▶ _Exercise goal_
Print the data below exactly as it stands, and keep the pictures out.

▶ _Dataset section_
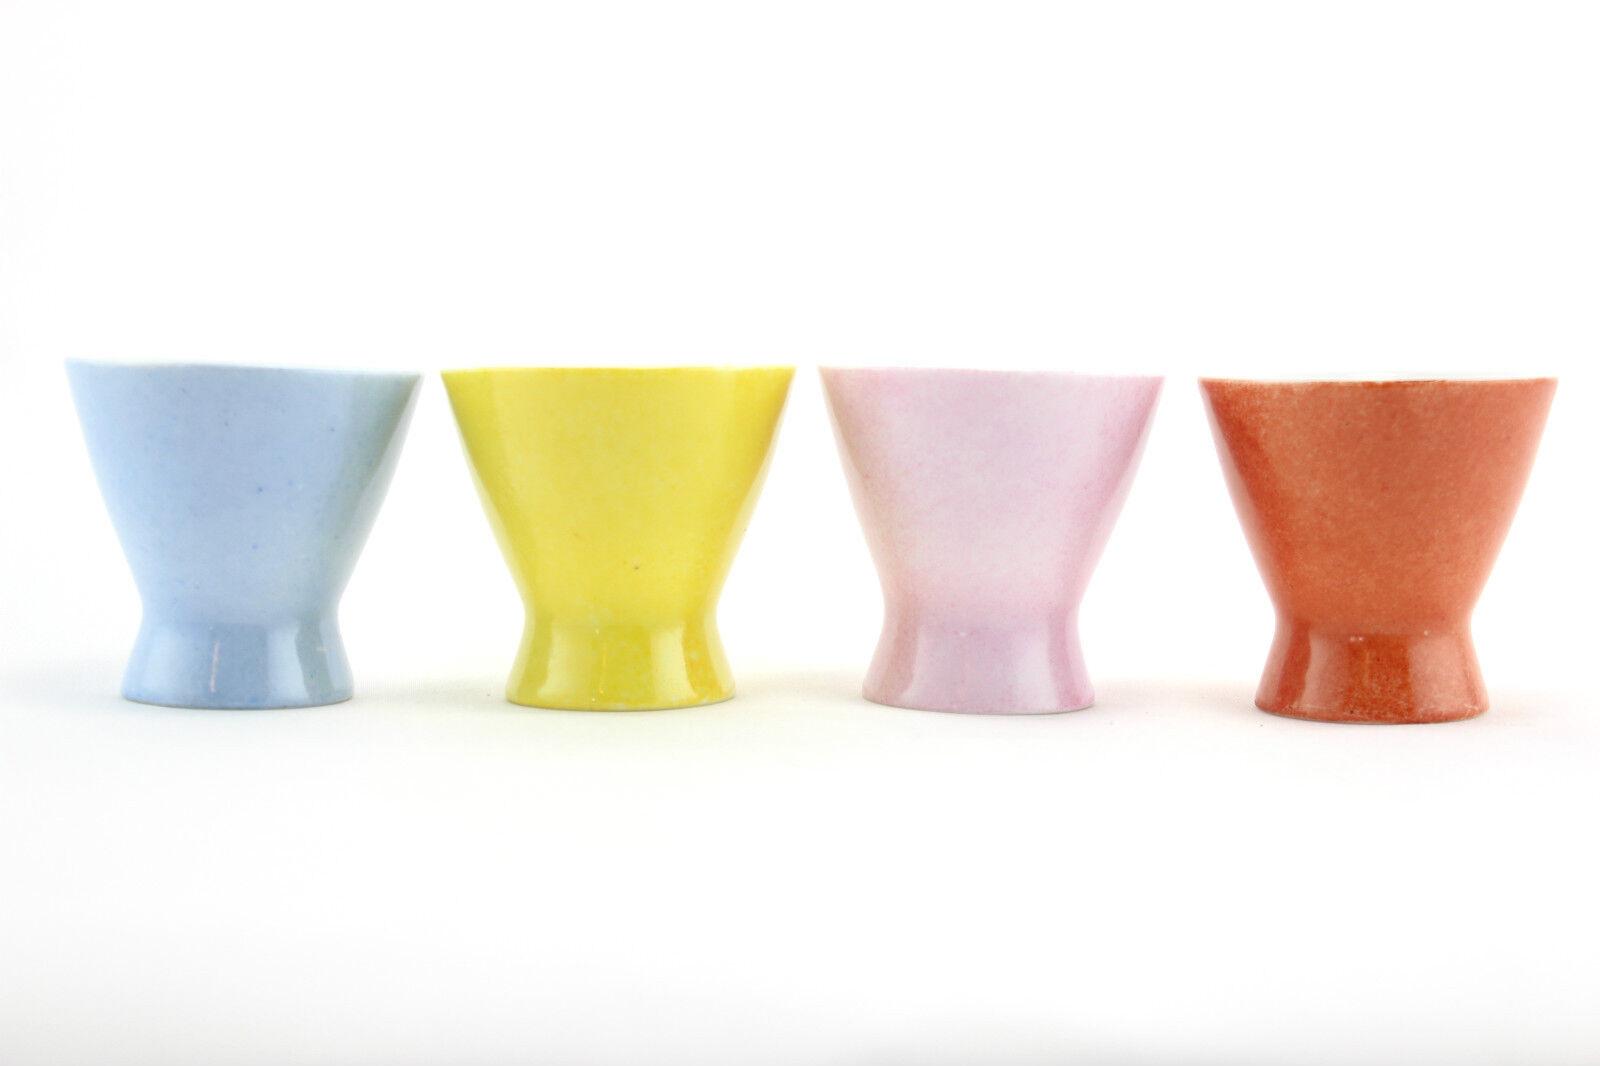 4 x multi-coloured pinknthal 'Form 2000' egg cups. German design. Modernist
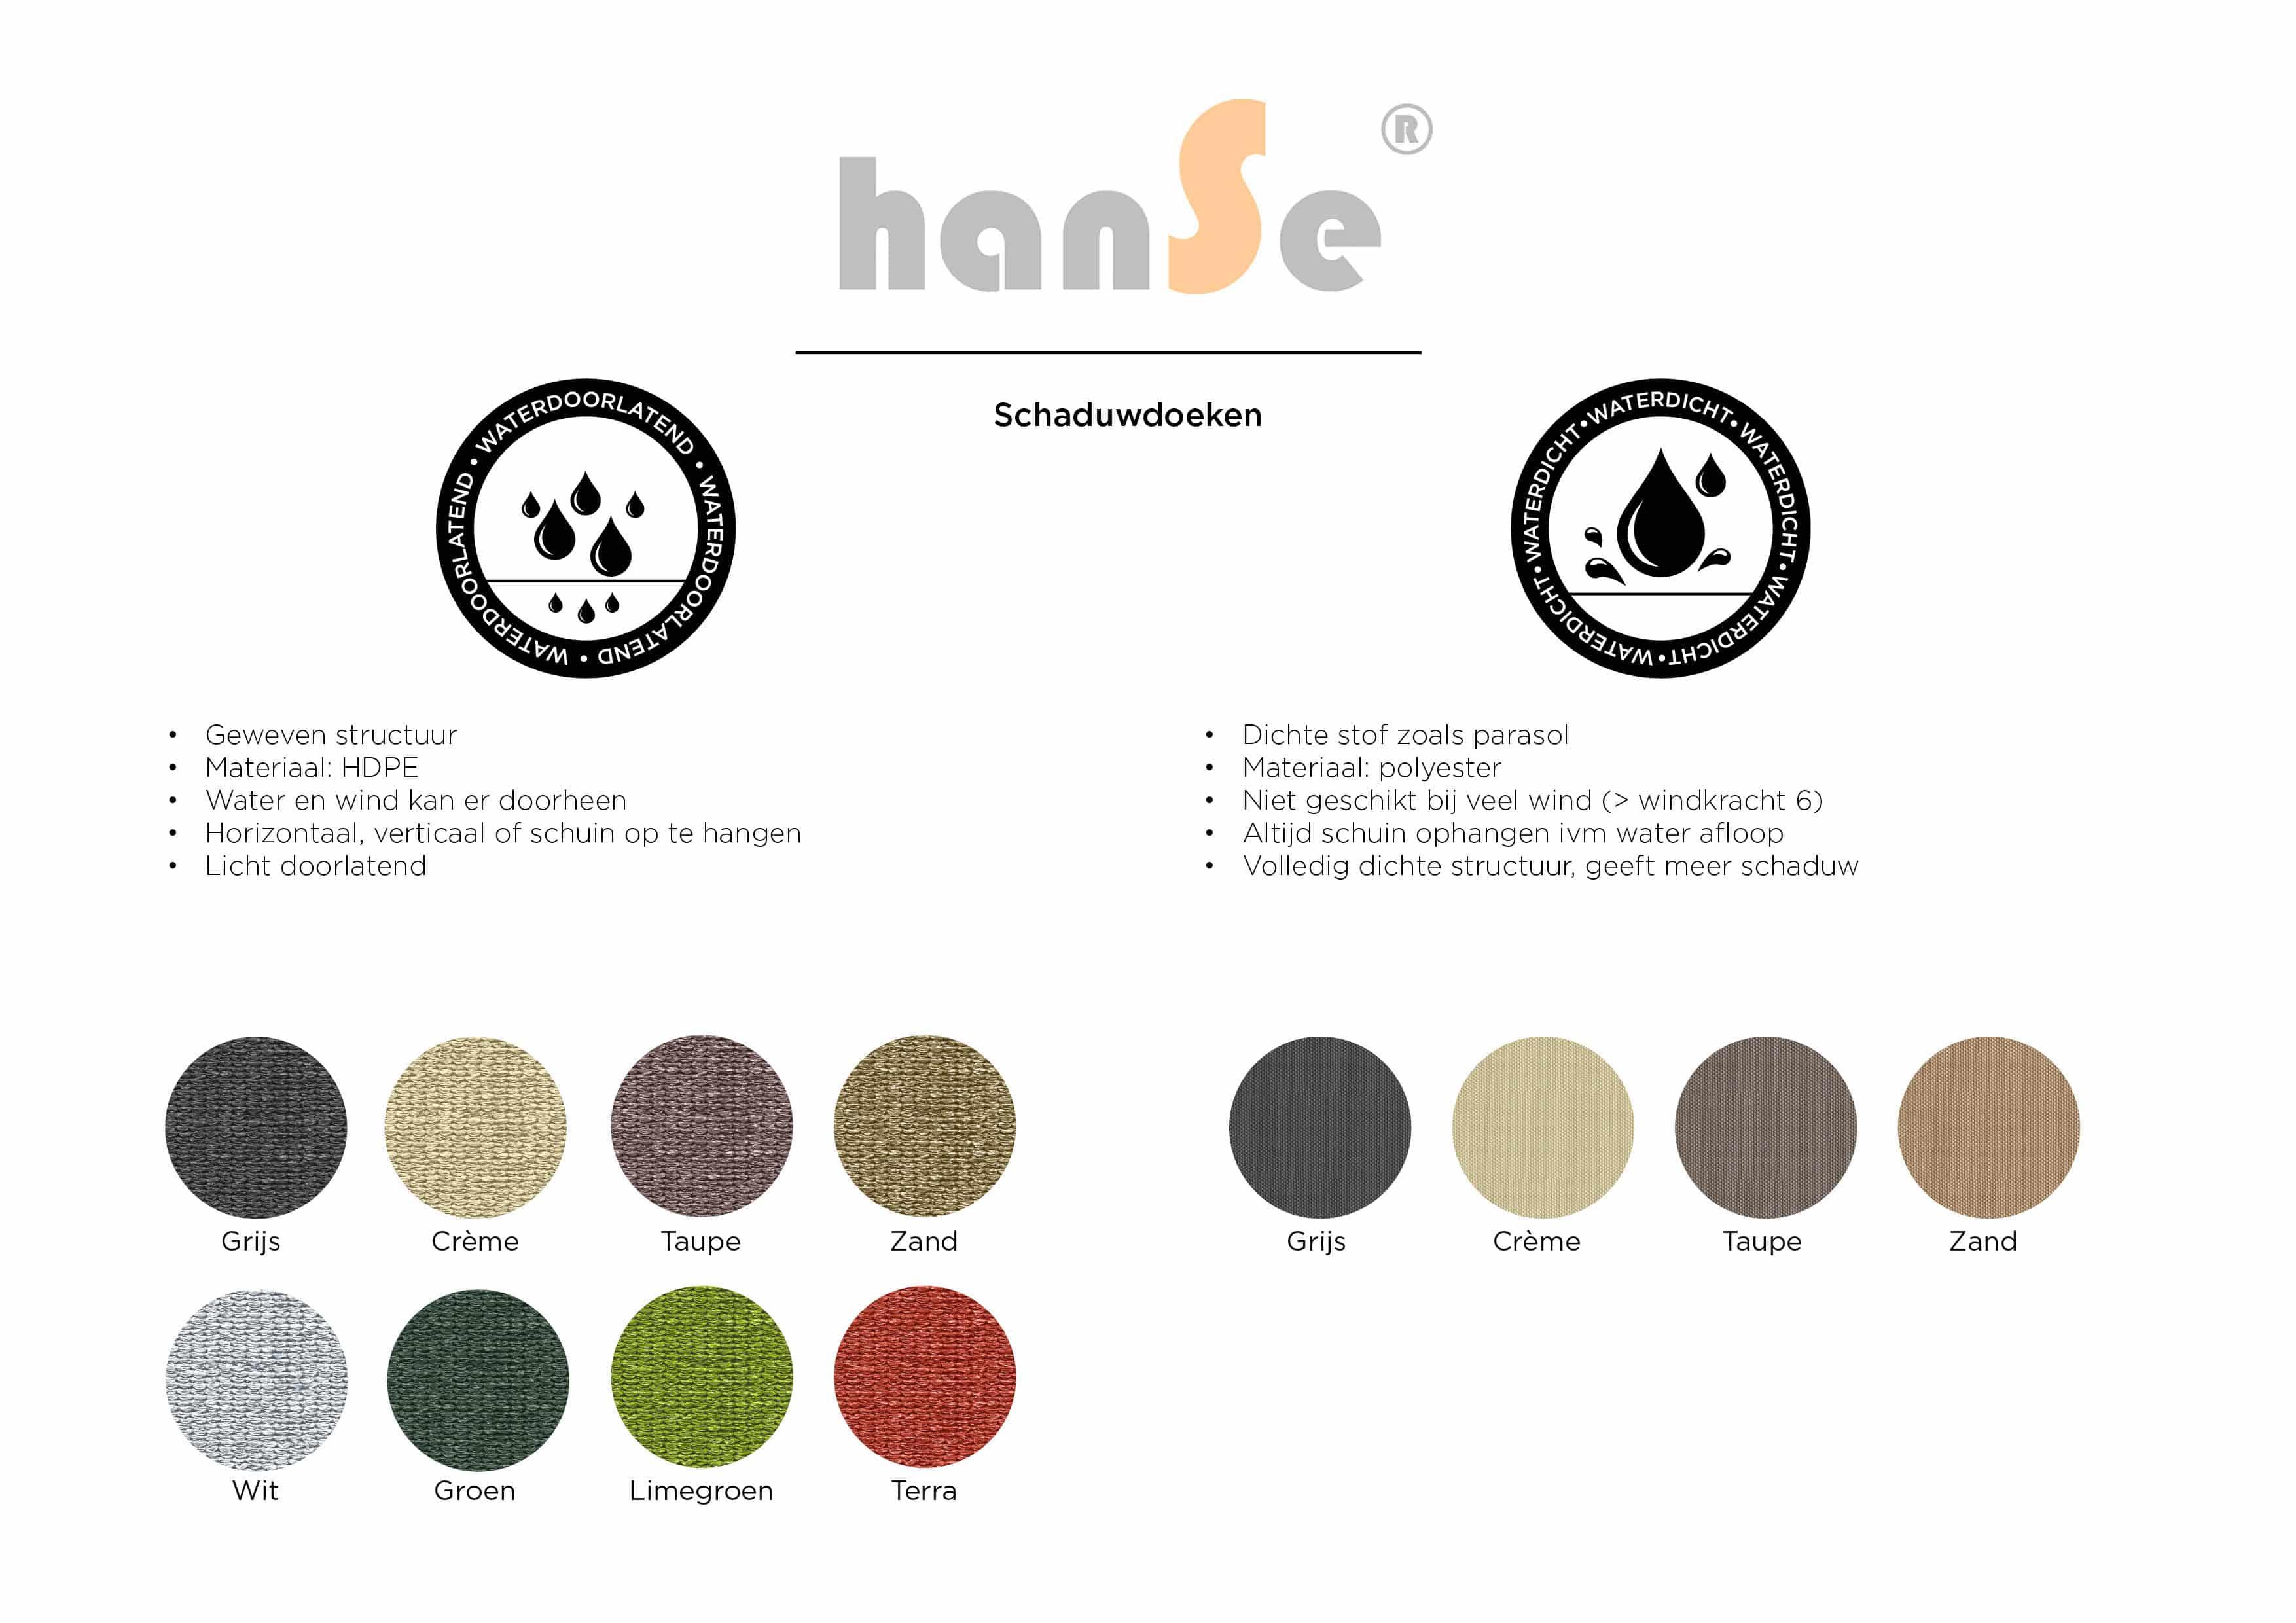 hanSe® Schaduwdoek Driehoek 90° Waterdoorlatend 4x5x6,8 m - Taupe
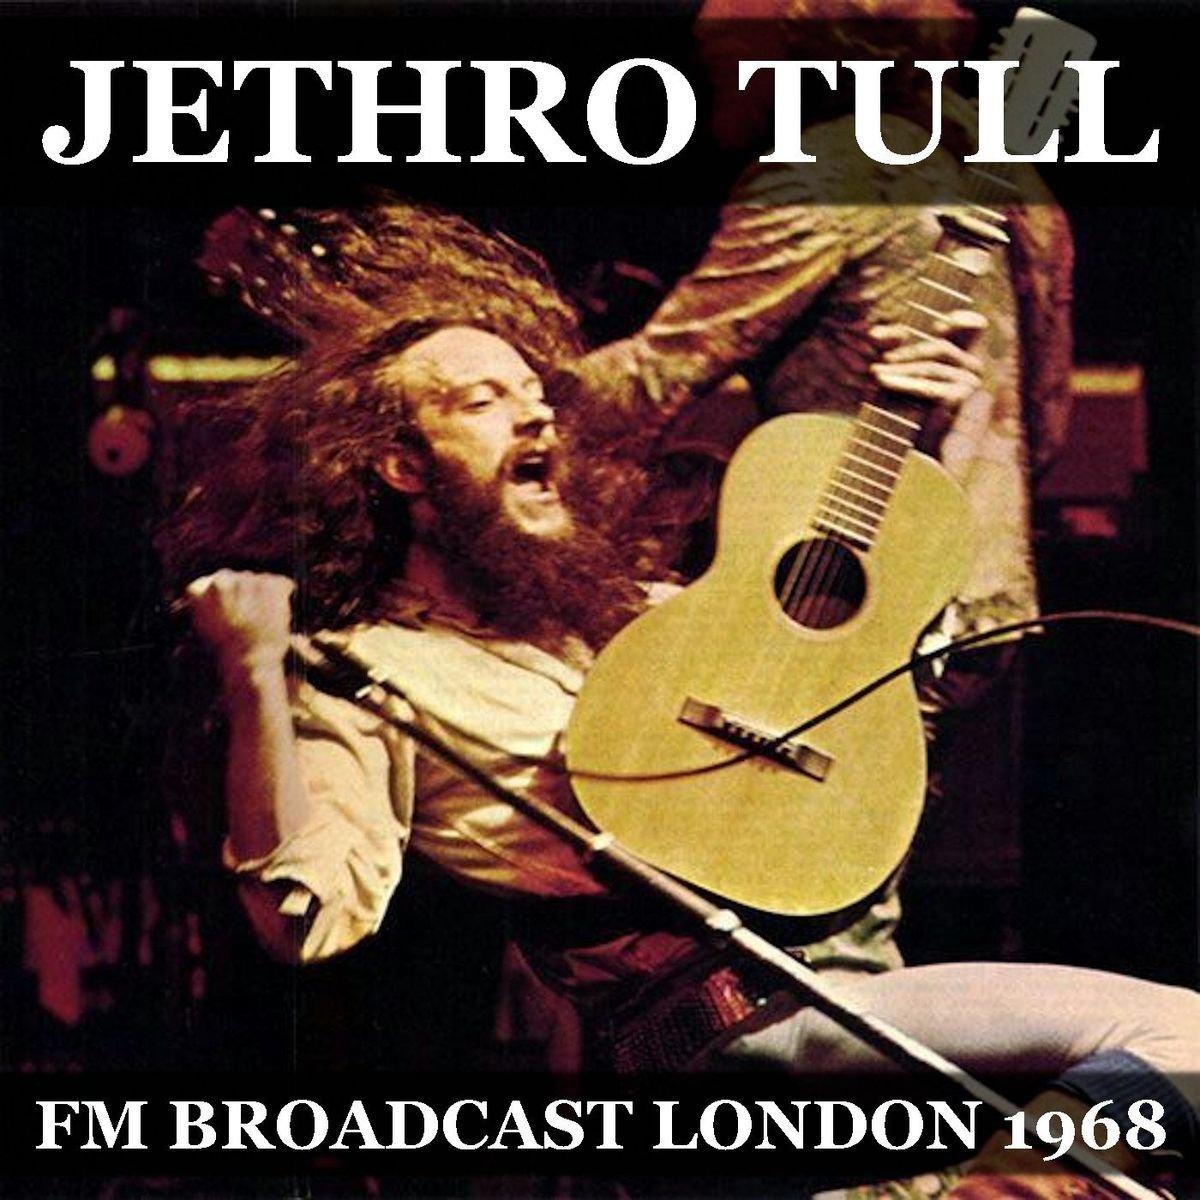 Jethro Tull - FM Broadcast London 1968 (2020) CD
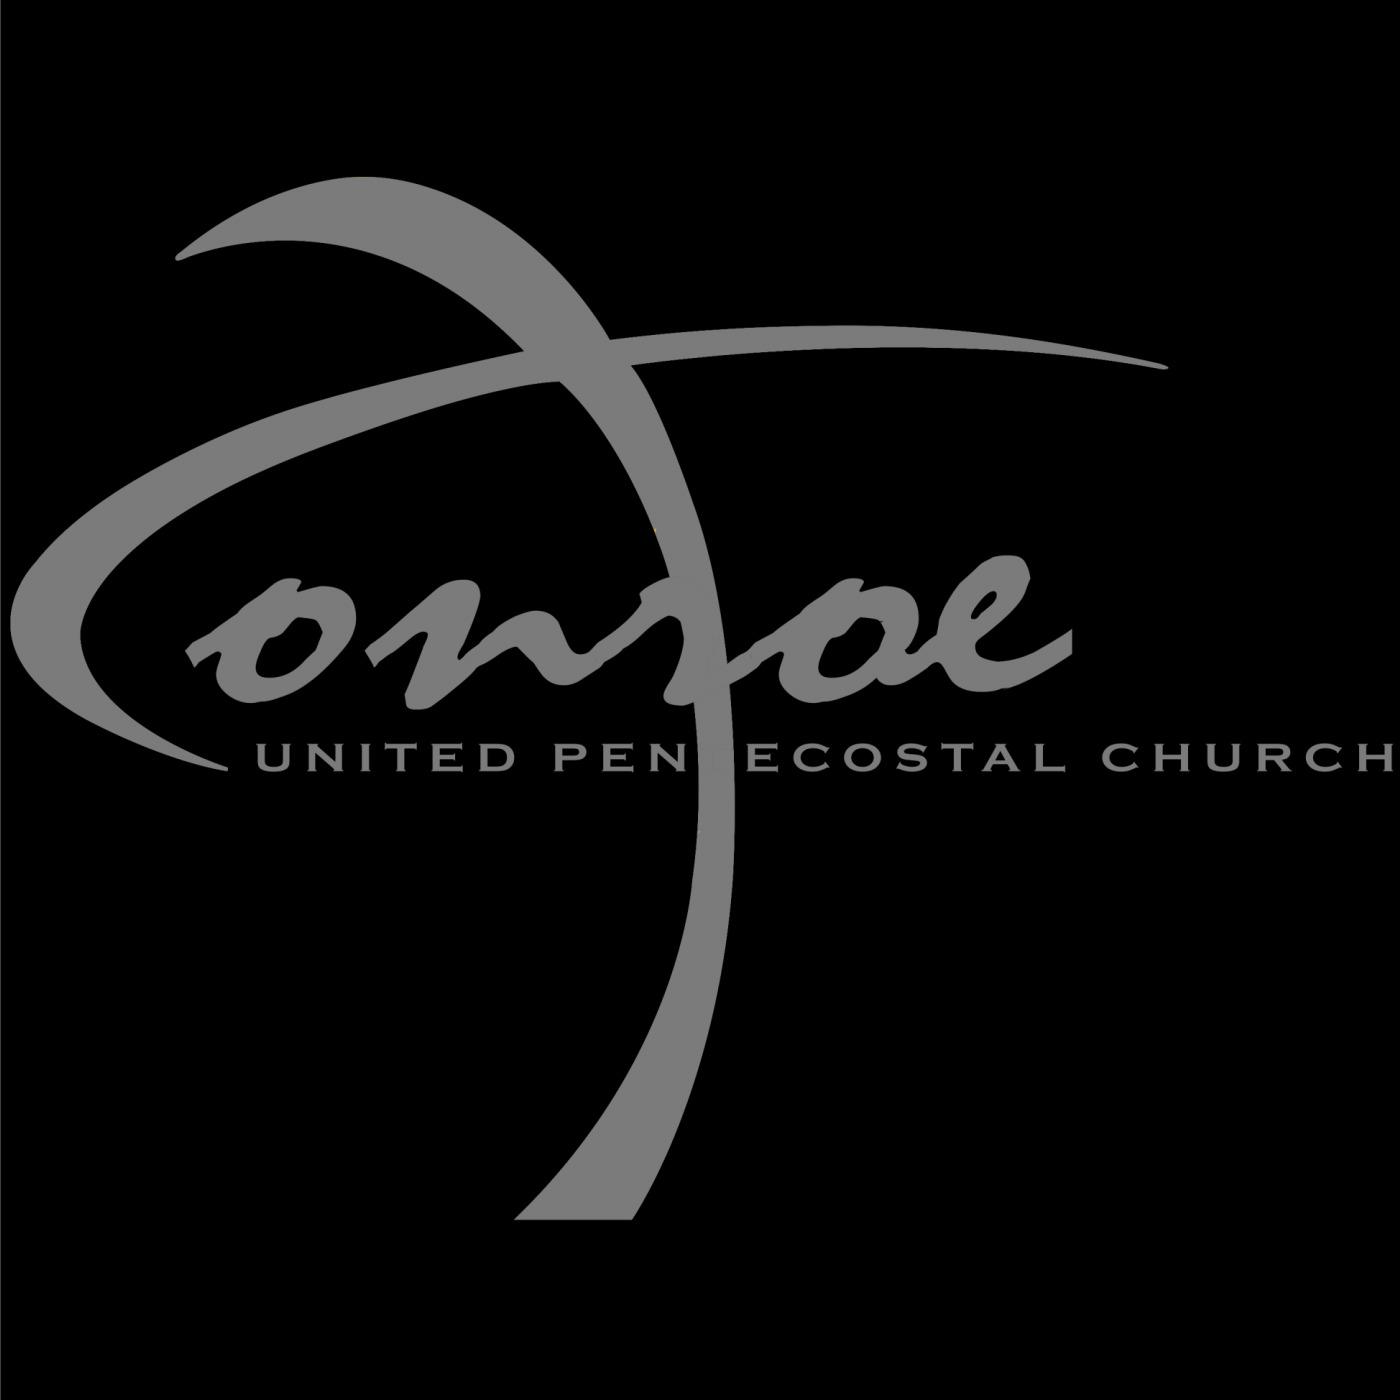 Conroe United Pentecostal Church

▶ _Completed task_
 4 x multi-coloured pinknthal 'Form 2000' egg cups. German design. Modernist
 hanSe® Schaduwdoek Driehoek 90° Waterdoorlatend 4x5x6,8 m - Taupe
 Jethro Tull - FM Broadcast London 1968 (2020) CD
 Conroe United Pentecostal Church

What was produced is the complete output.